■ **WHAT YOU WILL DO**
Reprint all of the data below exactly as shown and skip every image.

■ **INPUT DATA**
------------------------

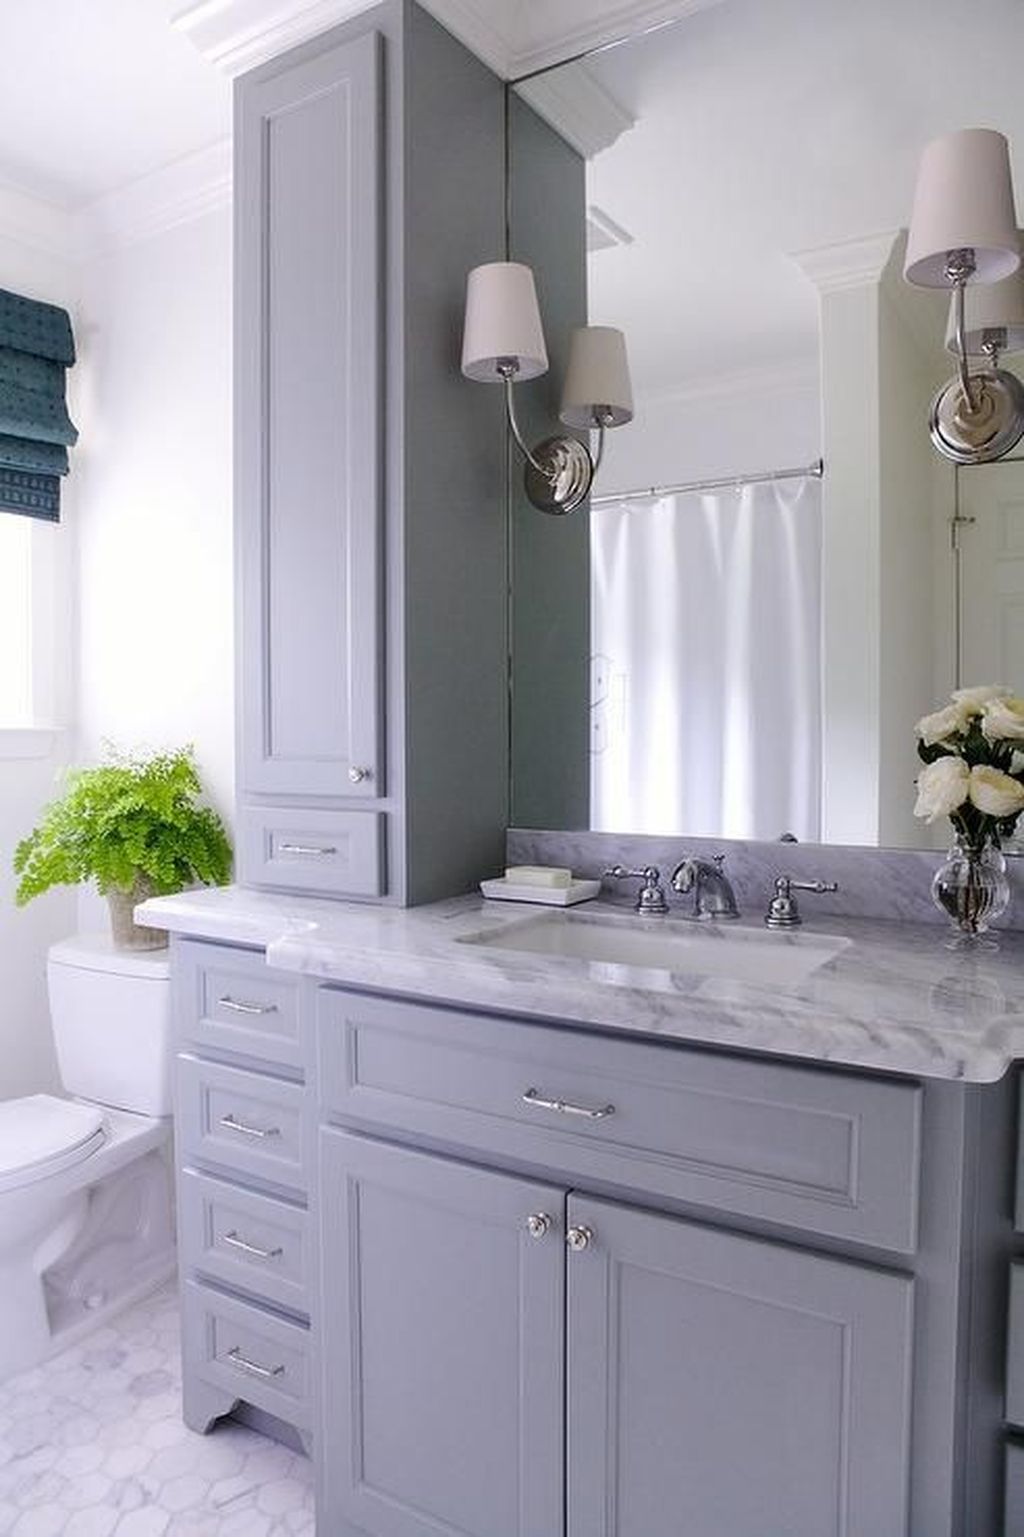 20+ Inspiring Bathroom Vanity Design Ideas
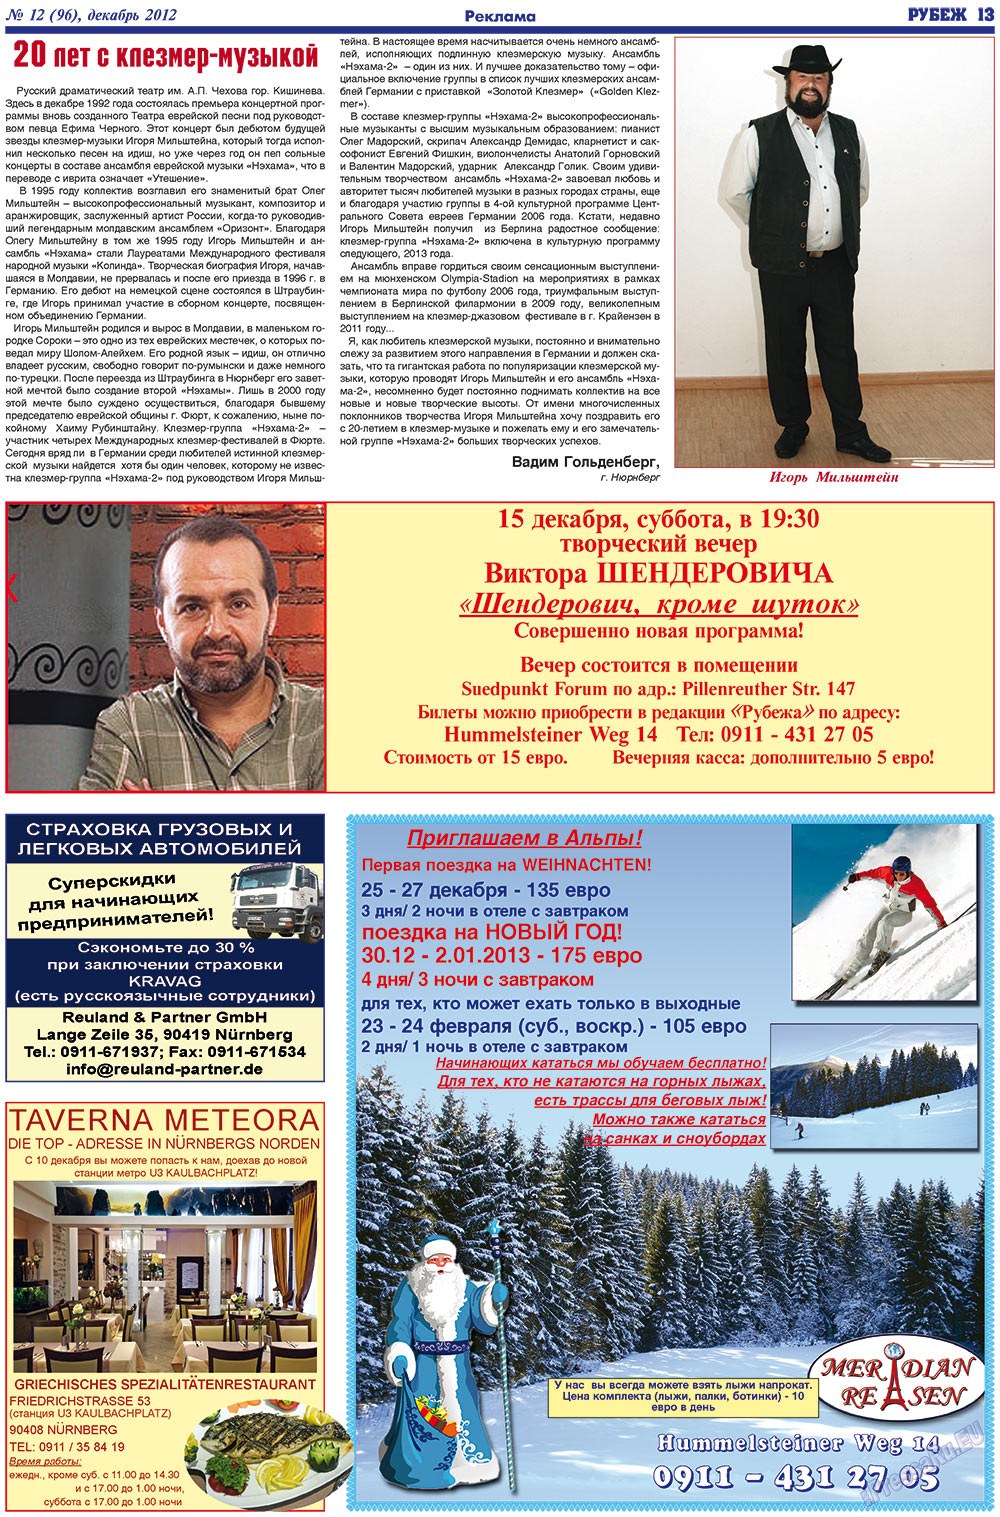 Рубеж, газета. 2012 №12 стр.13
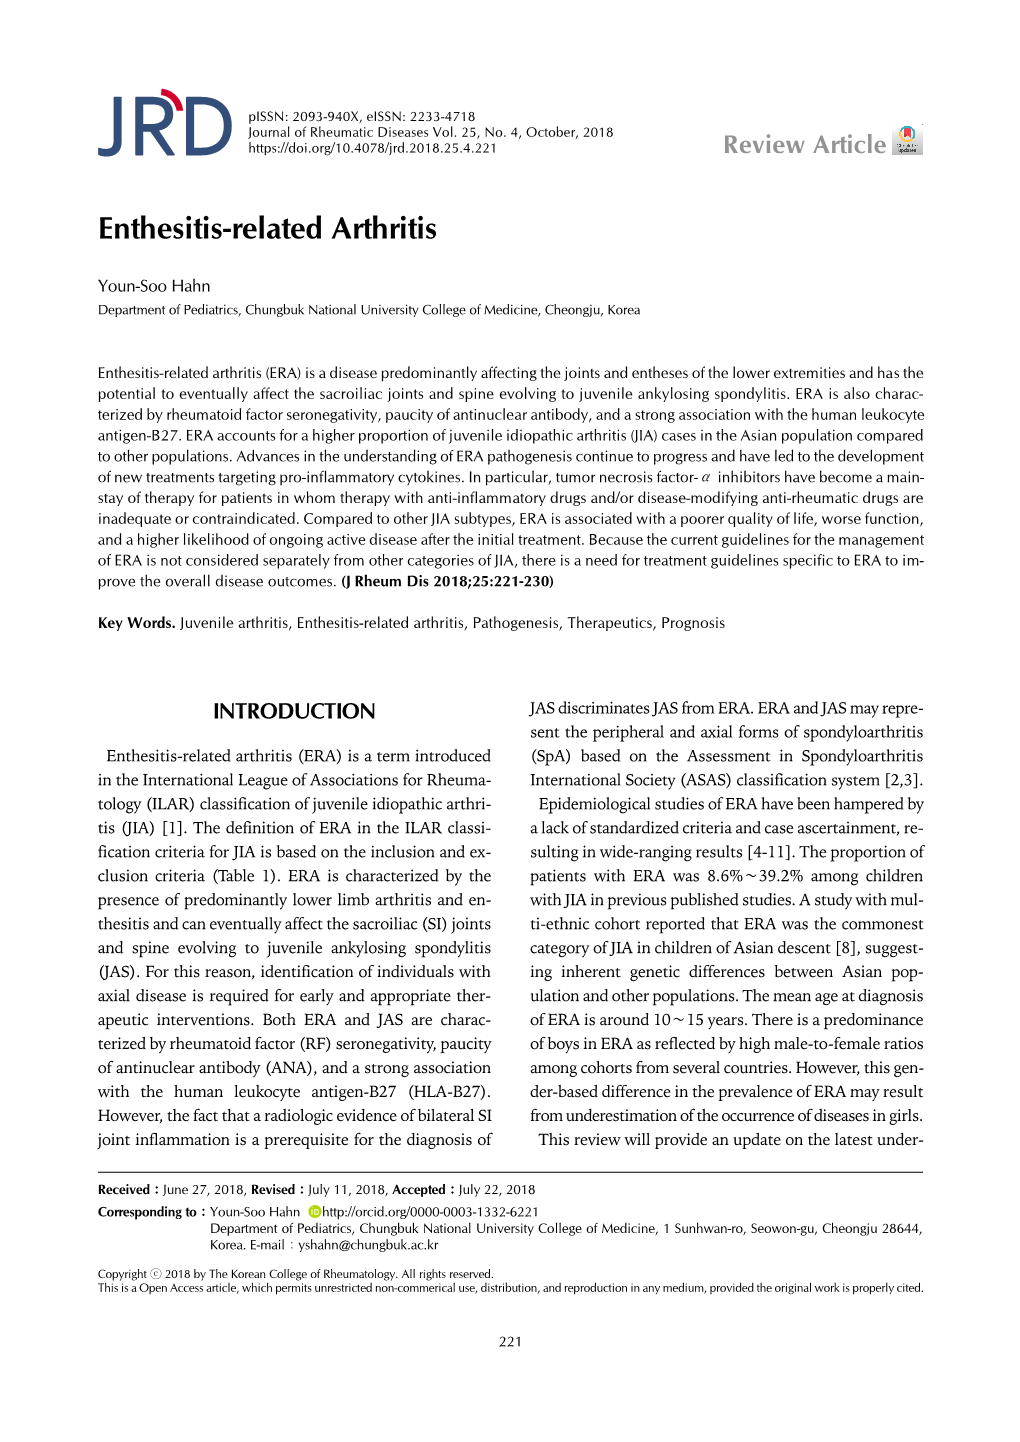 Enthesitis-Related Arthritis

------------------------

■ **WRITTEN RESPONSE**
 20+ Inspiring Bathroom Vanity Design Ideas
 Рубеж, газета. 2012 №12 стр.13
 Enthesitis-Related Arthritis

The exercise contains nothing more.